* Work required
Retype all data exactly as given. Pictures should not be retyped.

* Information shown
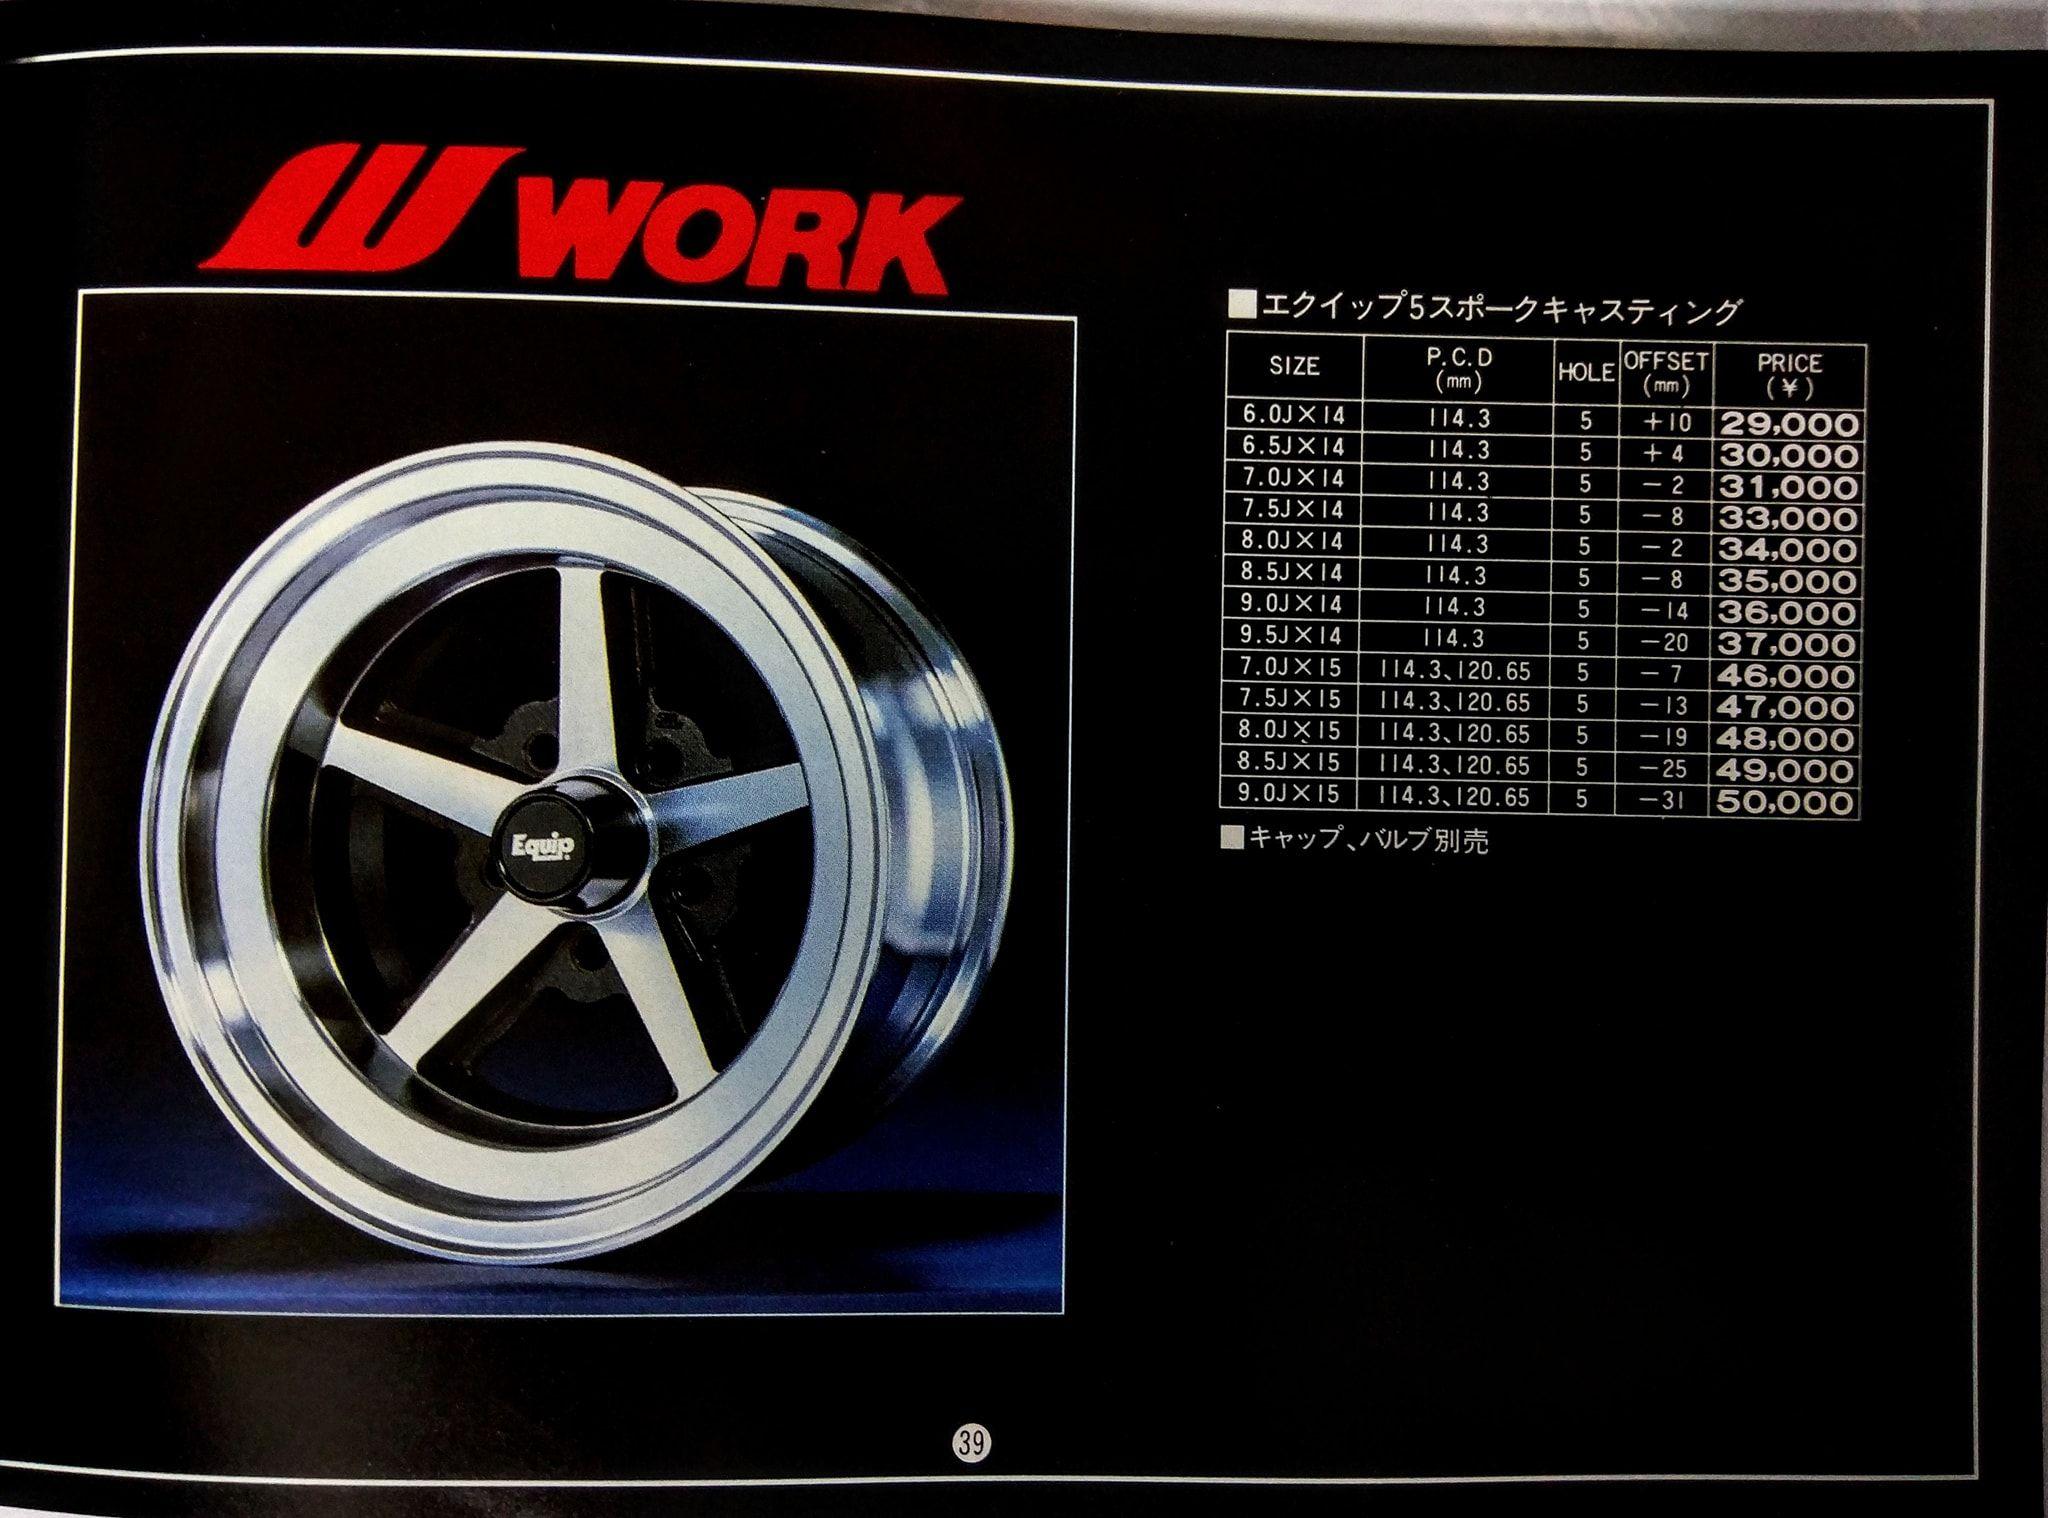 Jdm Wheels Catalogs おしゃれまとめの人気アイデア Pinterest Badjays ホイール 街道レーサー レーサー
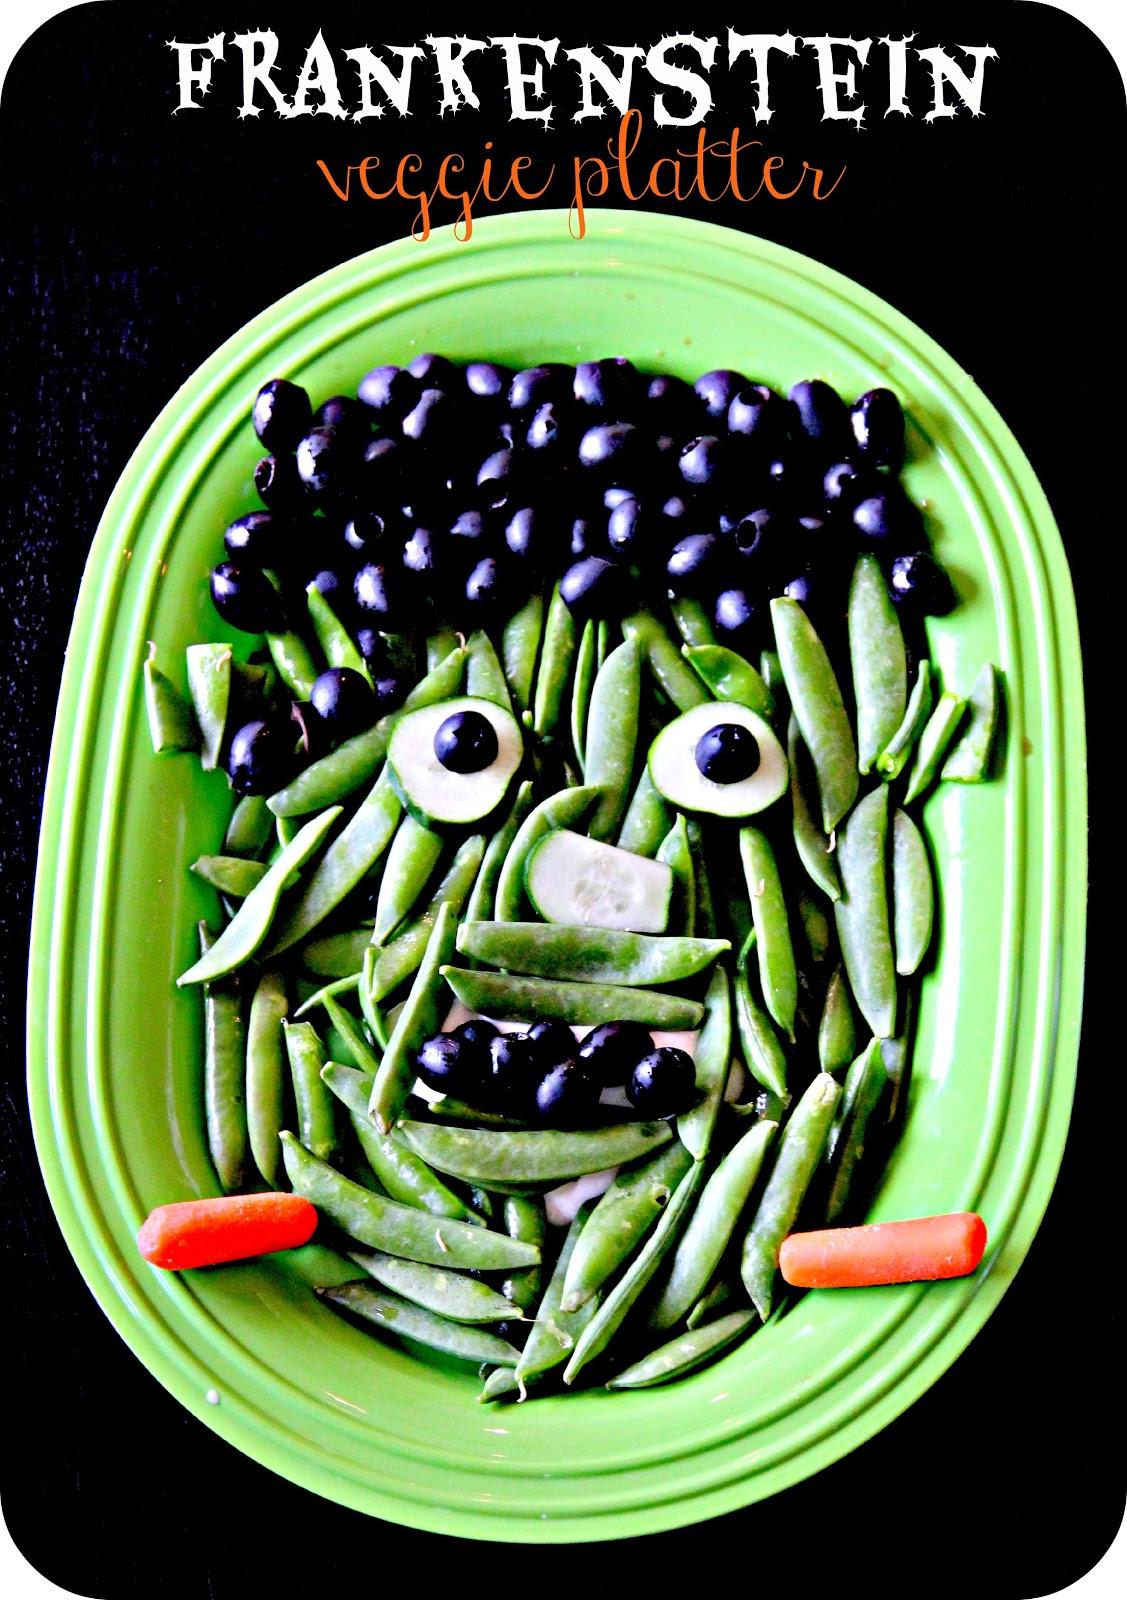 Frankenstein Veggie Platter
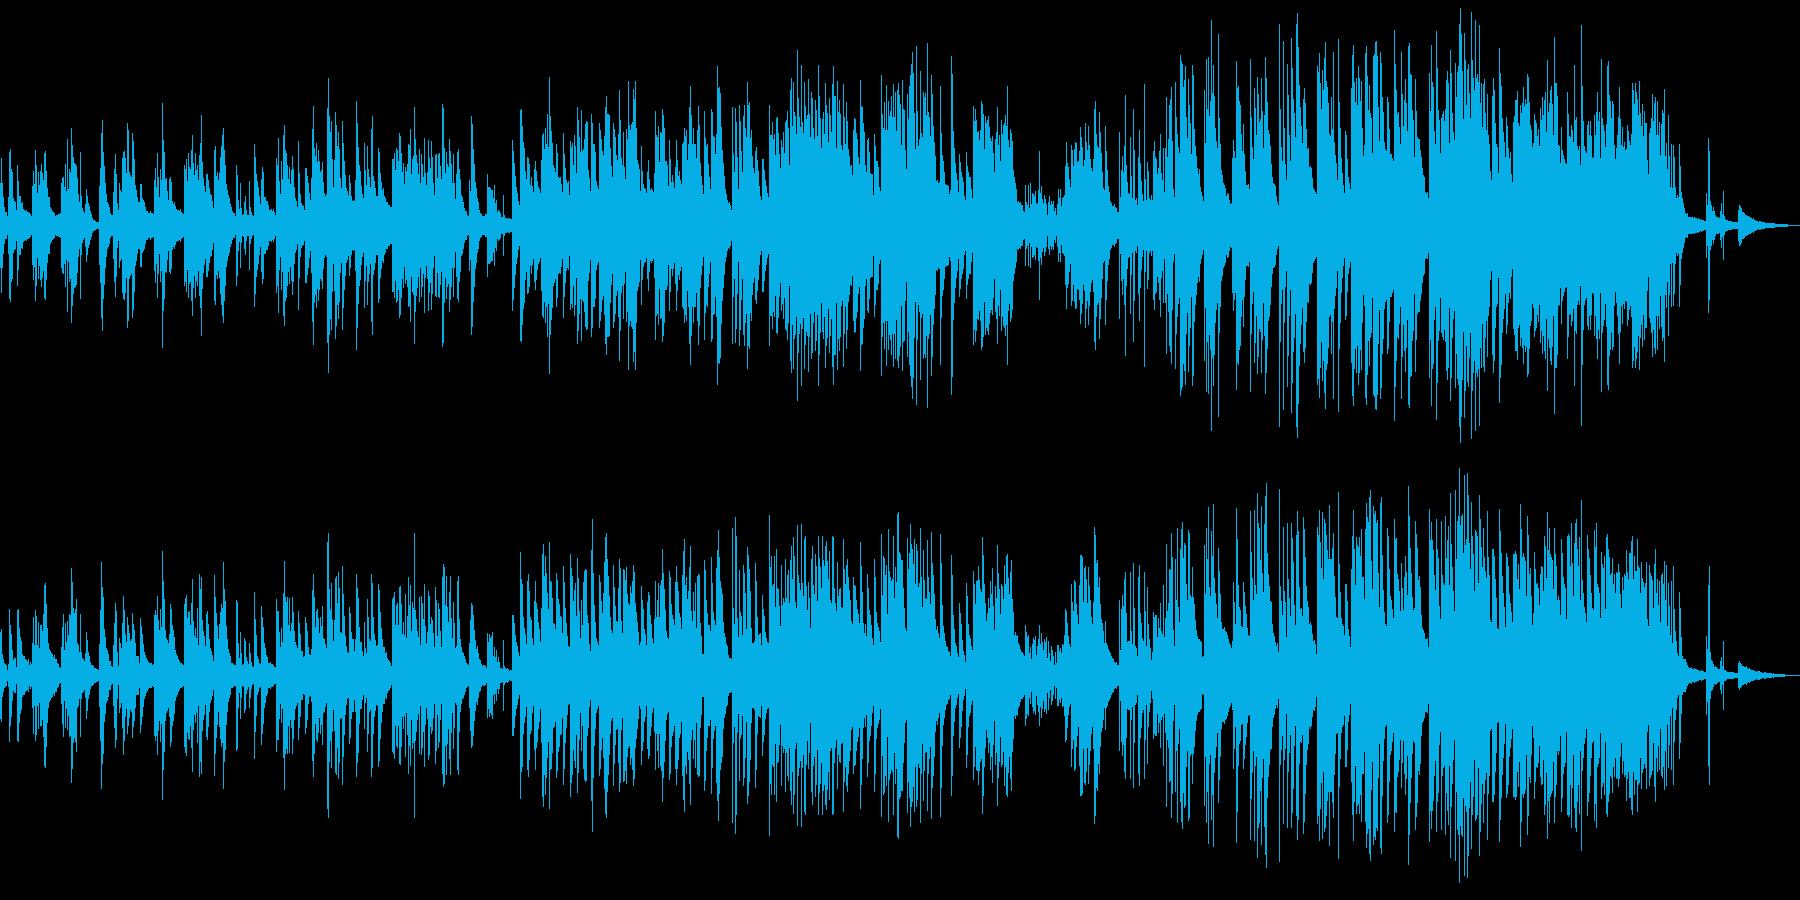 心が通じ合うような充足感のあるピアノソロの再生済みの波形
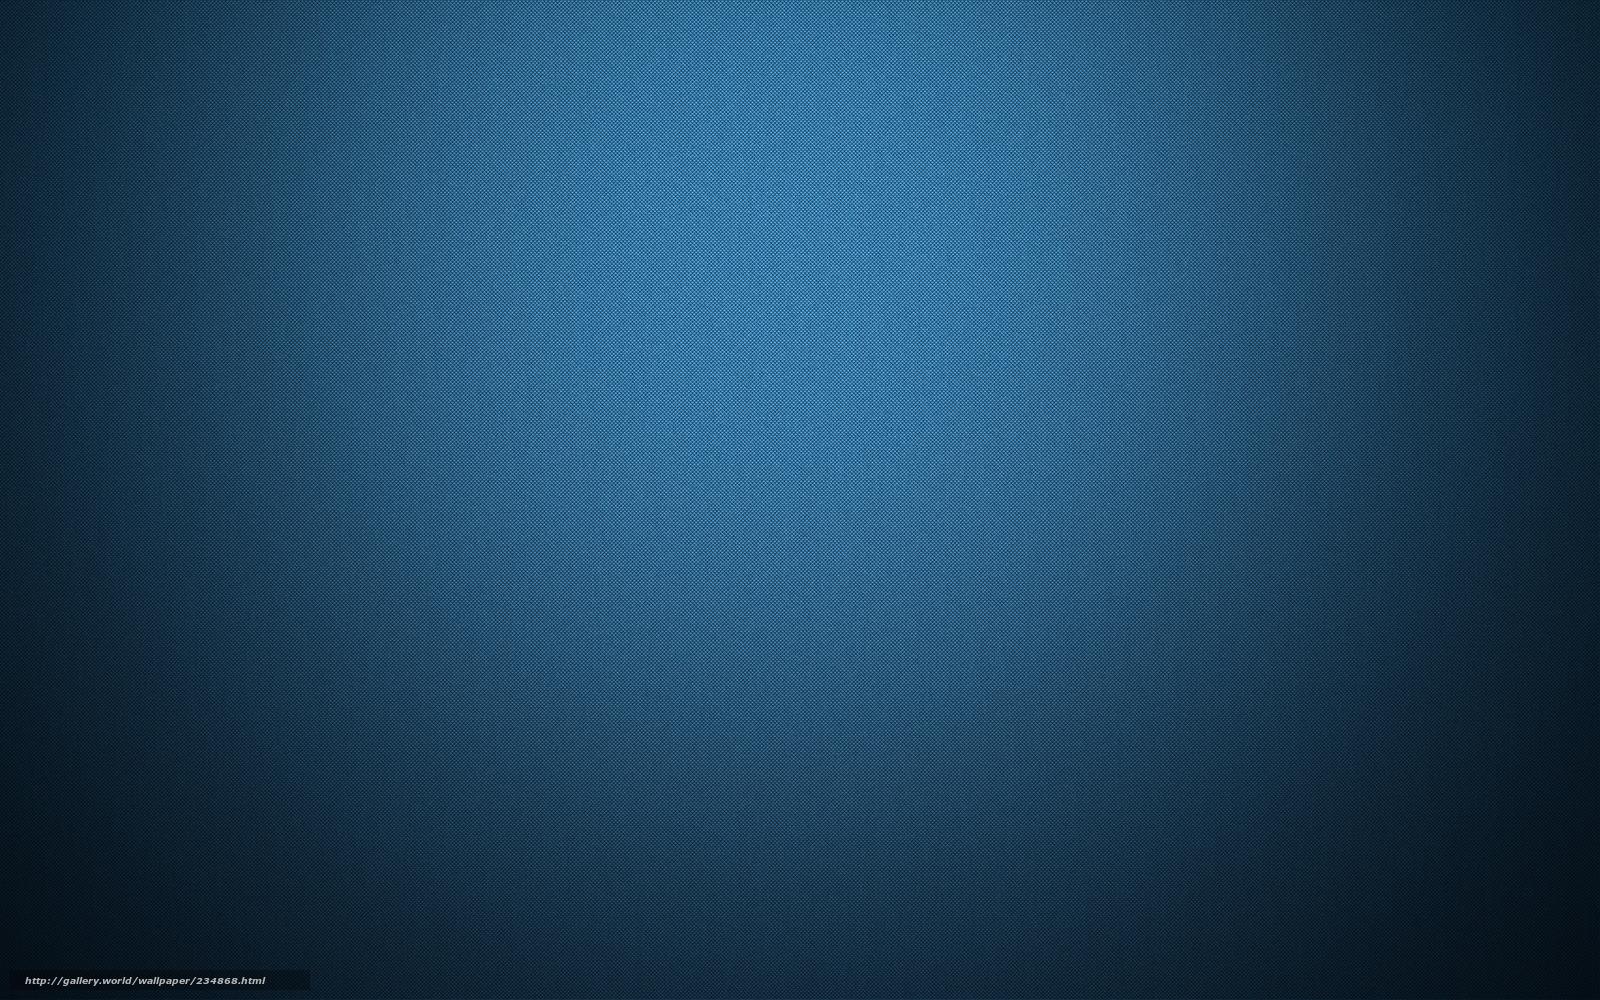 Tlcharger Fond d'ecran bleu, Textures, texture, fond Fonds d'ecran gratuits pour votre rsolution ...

* Answer section
 Jdm Wheels Catalogs おしゃれまとめの人気アイデア Pinterest Badjays ホイール 街道レーサー レーサー
 Frankenstein Veggie Platter
 心が通じ合うような充足感のあるピアノソロの再生済みの波形
 Tlcharger Fond d'ecran bleu, Textures, texture, fond Fonds d'ecran gratuits pour votre rsolution ...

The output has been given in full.